Dragaerans just won’t admit it; how can having your innards flop around so violently that you can feel them sloshing not make you queasy? Could natural selection account for it? I don’t buy it; I just don’t think that nature had it in mind for people to get from one place to another without passing through the intervening area.
These thoughts, I should explain, were one way I occupied my mind while I gave my stomach time to settle down. Another way was to observe that the sentries in the towers were watching me, although they didn’t seem especially surprised. Okay, so I was expected. Over one tower floated a single banner, all of grey.
Eventually I risked a look down. There were trees below me that looked like miniature bushes, and the two roads and one stream were lines of brown and blue respectively, meeting and crossing and running almost parallel to form a design that, if I tried, I could convince myself was a mark in some runic alphabet. Maybe it was a symbol that told the castle, “Don’t fall down.” That was a comforting thought.
I adjusted my cloak, ran a hand through my hair, and approached the double doors of Castle Black. They swung open as I approached, which I should have been expecting, because they’d done the same thing last time. I cursed under my breath but kept a small smile on my lips and didn’t break stride—there were Dragonlords watching.
I hadn’t noticed it the last time, but one reason that it is so effective to see Lady Teldra appear when the doors open is that she is all you can see—the entryway is unlit, and except for her you might be entering the void that one imagines as the land of the dead. (The land of the dead, however, is not a void—it’s worse. But never mind.)
“My Lord Taltos,” said Teldra. “Thank you for gracing our home. The Lord awaits you. Please, enter and be welcome.”
I felt welcome in spite of my more cynical side whispering, “Whatever.”
I crossed the threshold. Lady Teldra did not offer to take my cloak this time.

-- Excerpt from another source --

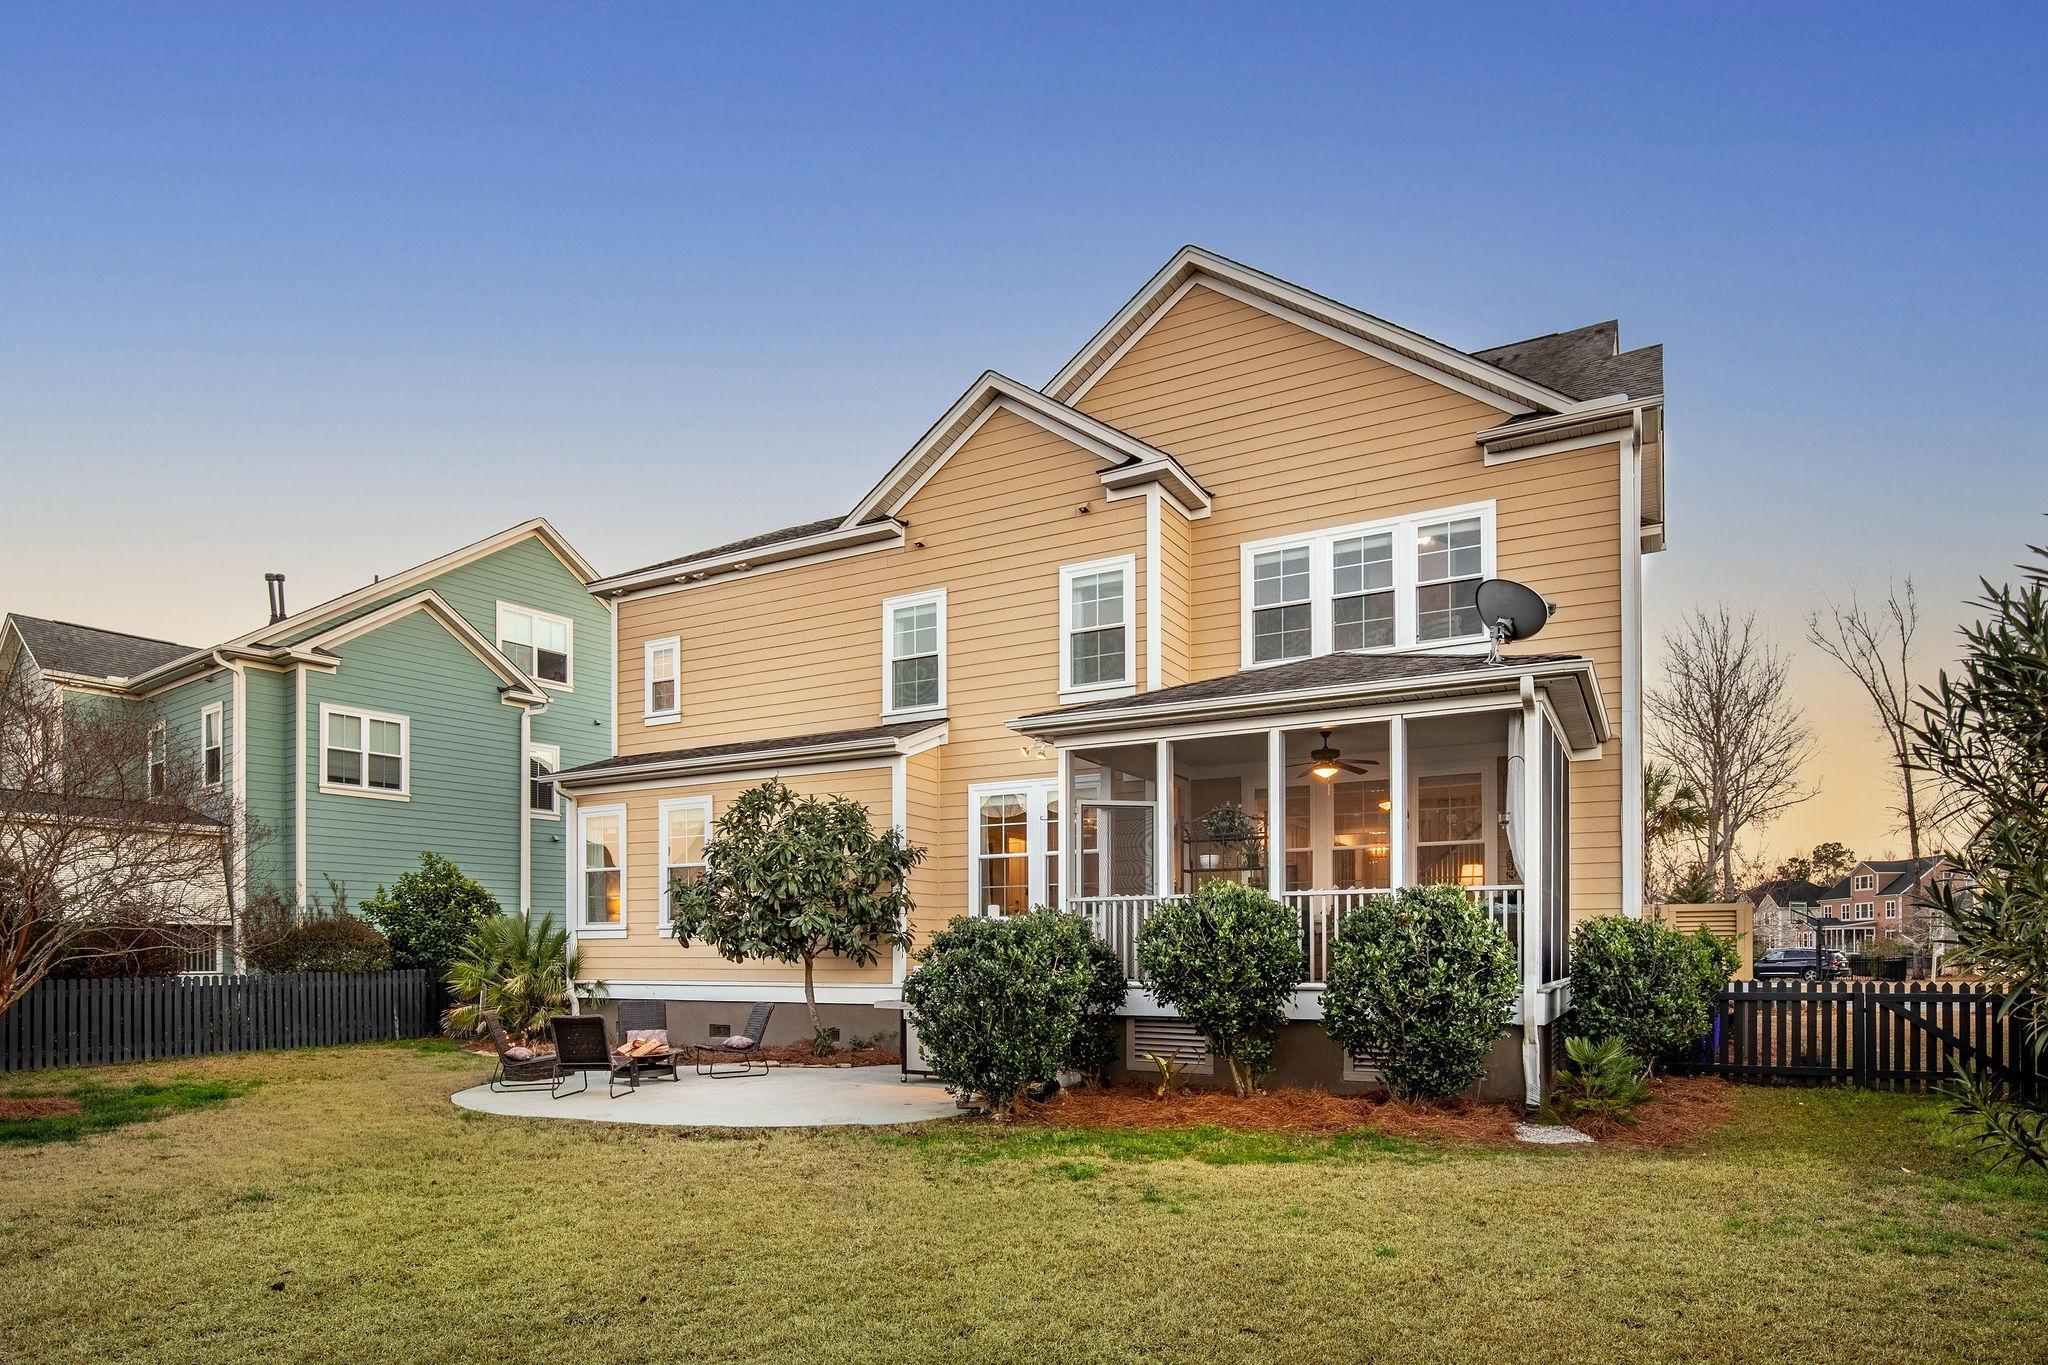 Dunes West Homes For Sale - 3212 Hatchway, Mount Pleasant, SC - 44

She guided me into the hall with all the paintings, through it, up the wide, curving stairway, and eventually to the library. It was big and full of stuffed chairs and thick books; three of the books, sitting just beyond the entrance, were massive jewel-encrusted objects each chained to a pedestal; I wondered but resolved not to ask. As I entered, Morrolan set a book down and stood up, giving me a small bow.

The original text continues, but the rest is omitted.